WILSHIRE MUTUAL FUNDS, INC. (THE “COMPANY”)
WILSHIRE VARIABLE INSURANCE TRUST (THE “TRUST”
AND WITH THE COMPANY, THE WILSHIRE FUNDS”)
CODE OF ETHICS
1.STATEMENT OF GENERAL POLICY
Rule 17j-1 under the Investment Company Act of 1940, as amended (“1940 Act”), requires that the Wilshire Funds adopt a code of ethics containing provisions reasonably necessary to prevent access persons (as defined below) from engaging in any act, practice or course of business prohibited by the Rule. In general, Rule 17j-1 under the 1940 Act prohibits fraudulent or manipulative practices with respect to purchases or sales of securities held or to be acquired by investment companies, if effected by access persons of the investment company. The purpose of this Code of Ethics (“Code”) is to provide procedures consistent with the 1940 Act and Rule 17j-1 designed to give effect to the general prohibitions set forth in Rule 17j-1. Accordingly, this Code has been adopted to ensure that those who have knowledge of the transactions by the Wilshire Funds will not be able to act thereon to the disadvantage of the Wilshire Funds.
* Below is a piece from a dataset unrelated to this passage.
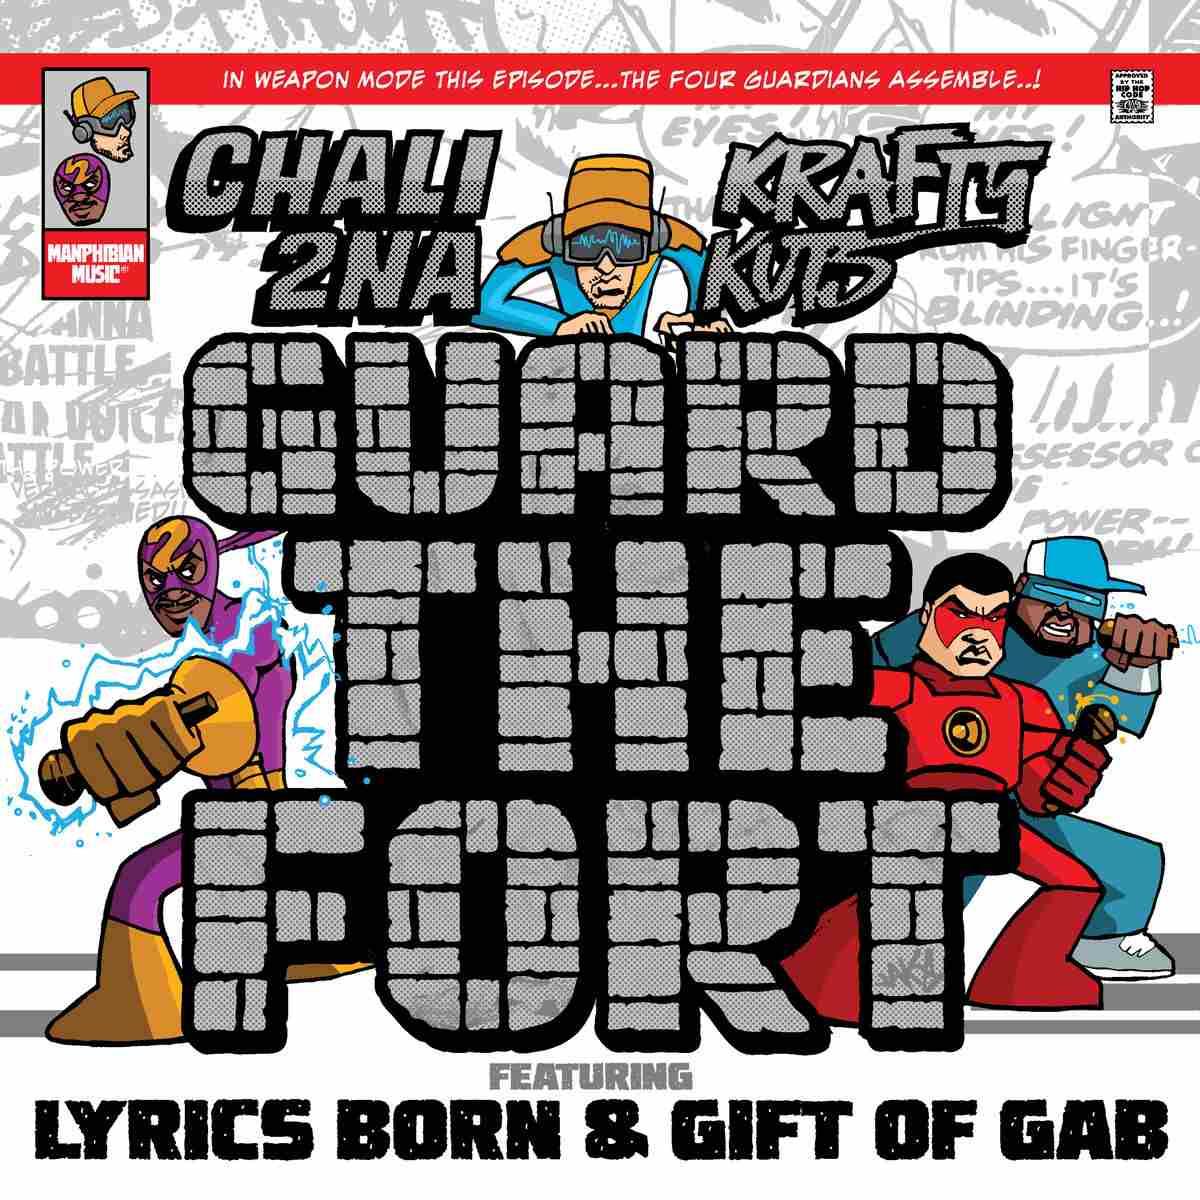 Rap, beats & breaks - shake a hoof to the latest rhymes, funky breaks and boom bap beats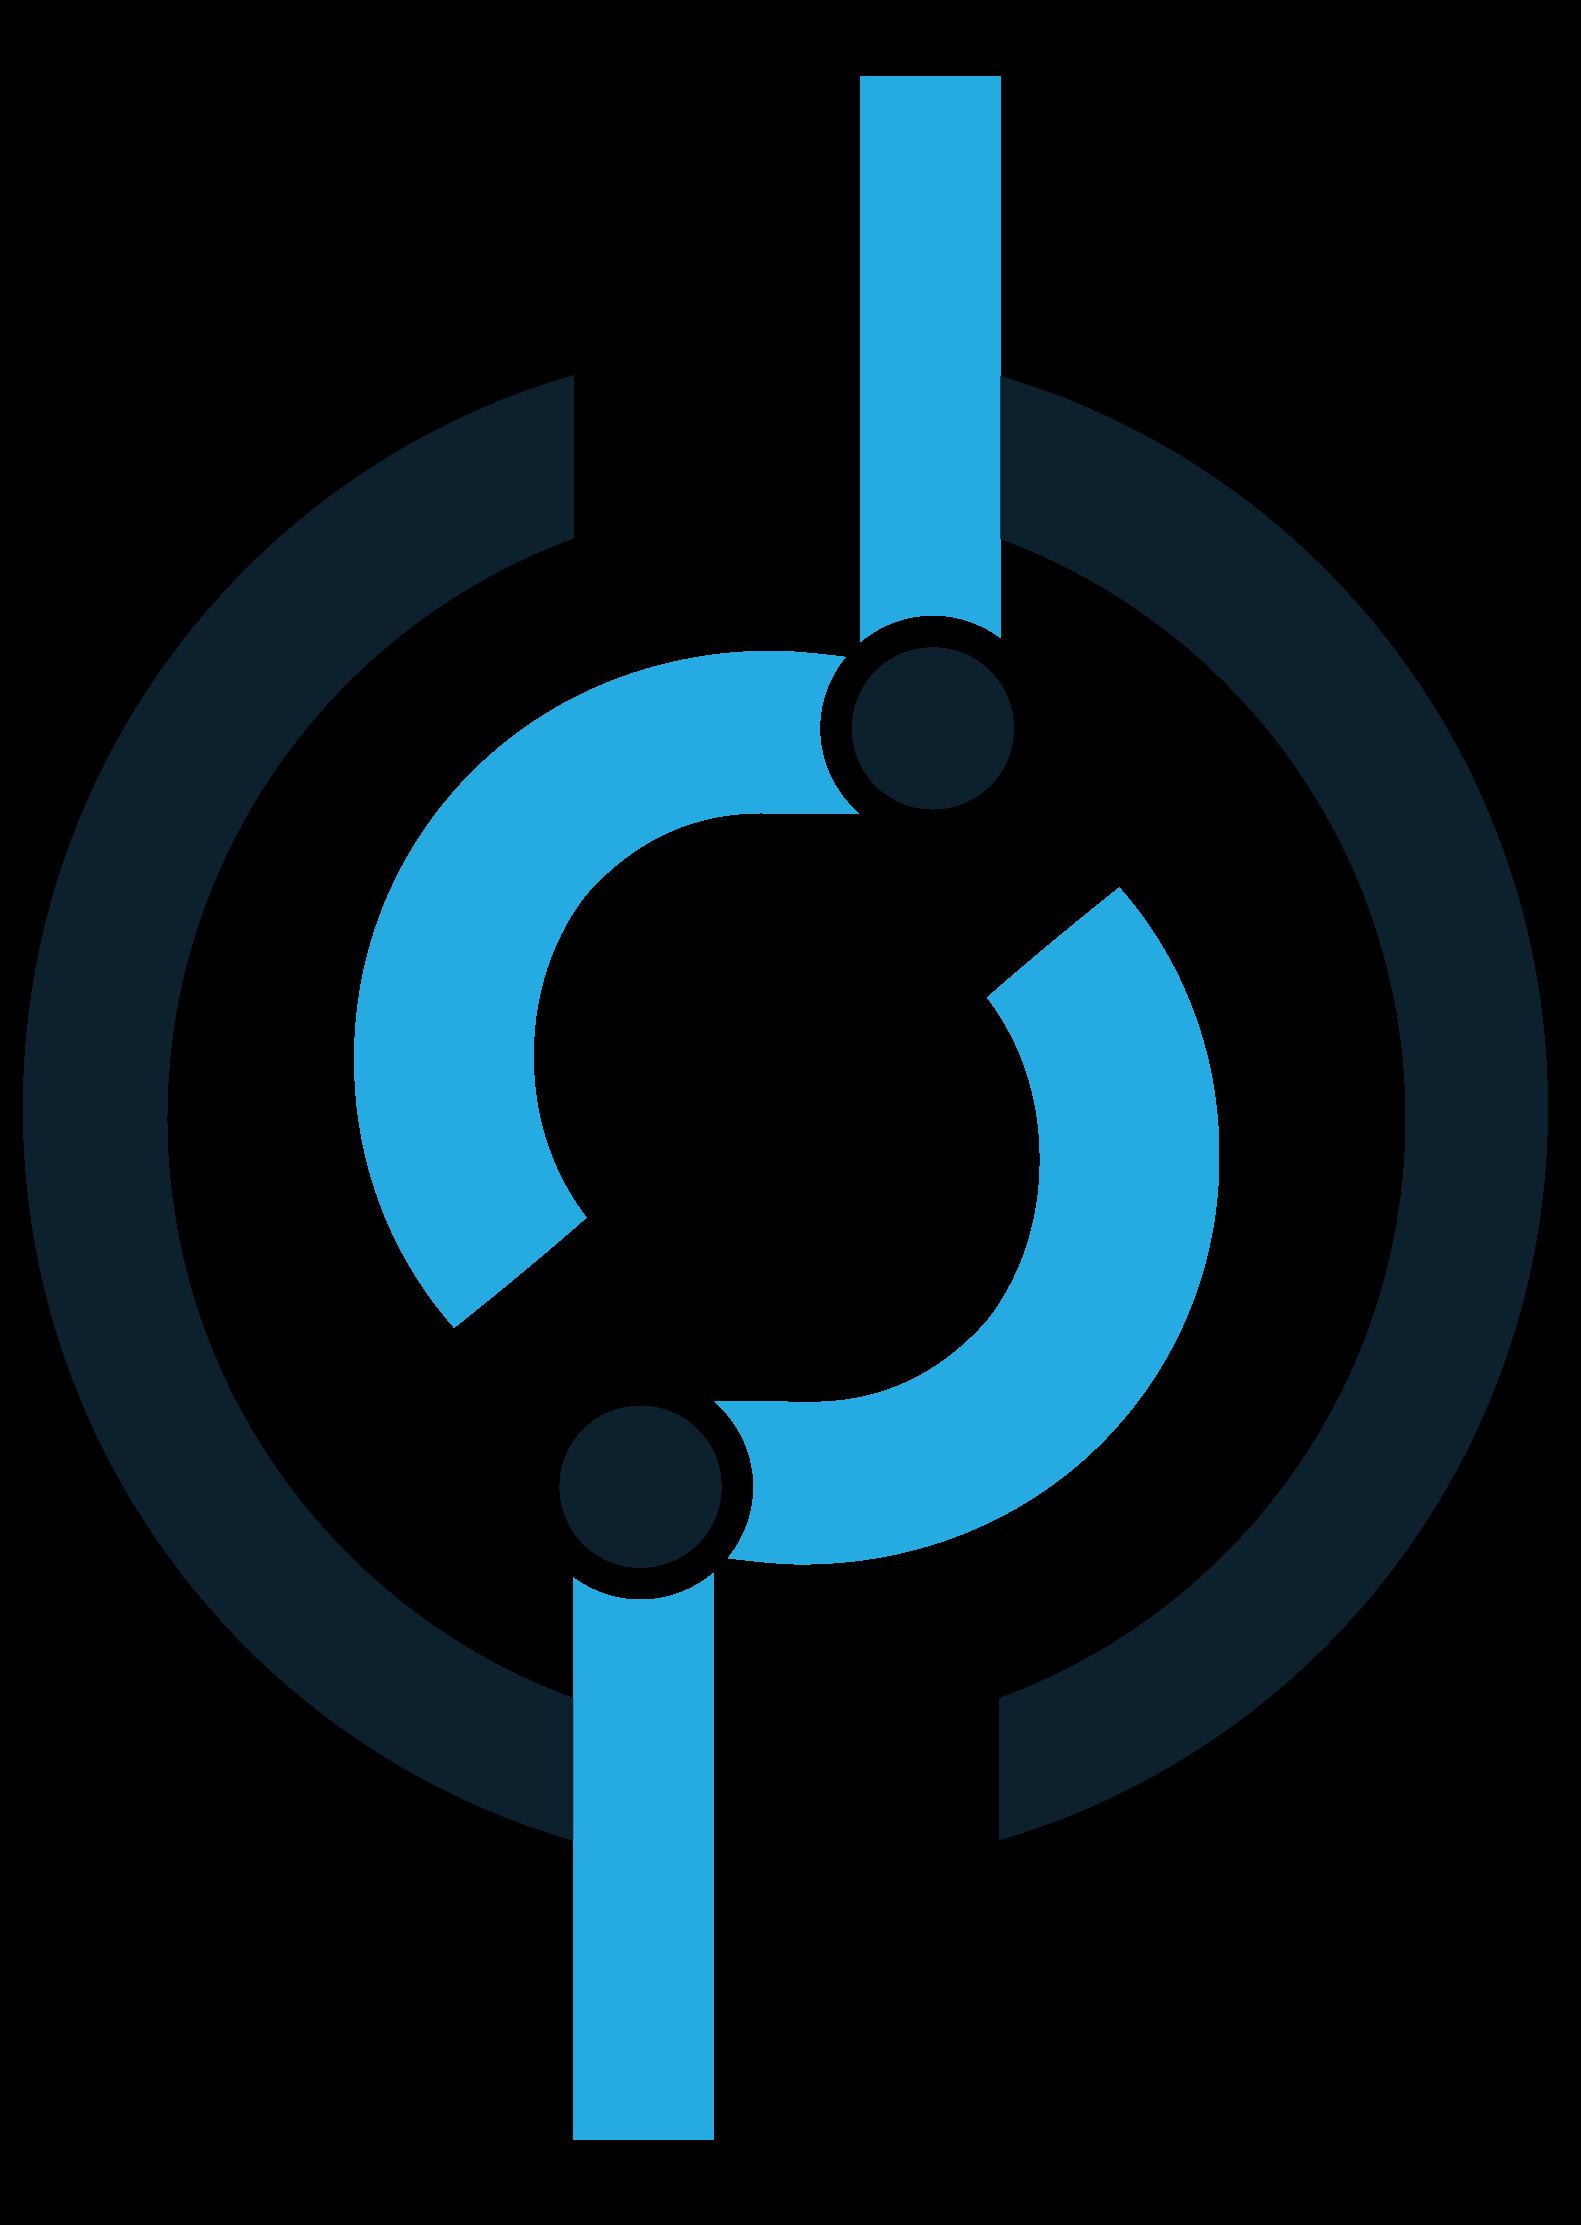 Pocket Network blockchain jobs

The Code does not purport comprehensively to cover all types of conduct or transactions which may be prohibited or regulated by the laws and regulations applicable to the Wilshire Funds and persons connected with it.
2.DEFINITIONS
(a)“Access Person” means any Board member or officer of the Wilshire Funds or advisory person of the Wilshire Funds, except that “Access Person” shall be presumed not to include any officer of the Wilshire Funds who is not an employee of the Adviser unless such person has actual knowledge of transactions by the Wilshire Funds prior to their implementation.
(b)“Adviser” means Wilshire Advisors LLC or any entity that acts as the investment adviser for the Wilshire Funds, except that “Access Persons” shall be presumed not to include any officer of the Wilshire Funds who is not an employee of the Adviser unless such person has actual knowledge of transactions by the Wilshire Funds prior to their implementation.
(c)“Advisory Person” means (i) any employee of the Wilshire Funds (or of any company in a control relationship to the Wilshire Funds), who, in connection with his or her regular functions or duties, makes, participates in, or obtains information regarding the purchase or sale of a Covered Security by a Fund, or whose functions relate to the making of any recommendations with respect to such purchases or sales; and (ii) any natural person in a control relationship to the Wilshire Funds who obtains information concerning recommendations made to a Fund with regard to the purchase or sale of a Covered Security.
(d)“Automatic Investment Plan” means a program in which regular periodic purchases (or withdrawals) are made automatically (in or from) investment accounts in accordance with a predetermined schedule and allocation and includes a dividend reinvestment plan.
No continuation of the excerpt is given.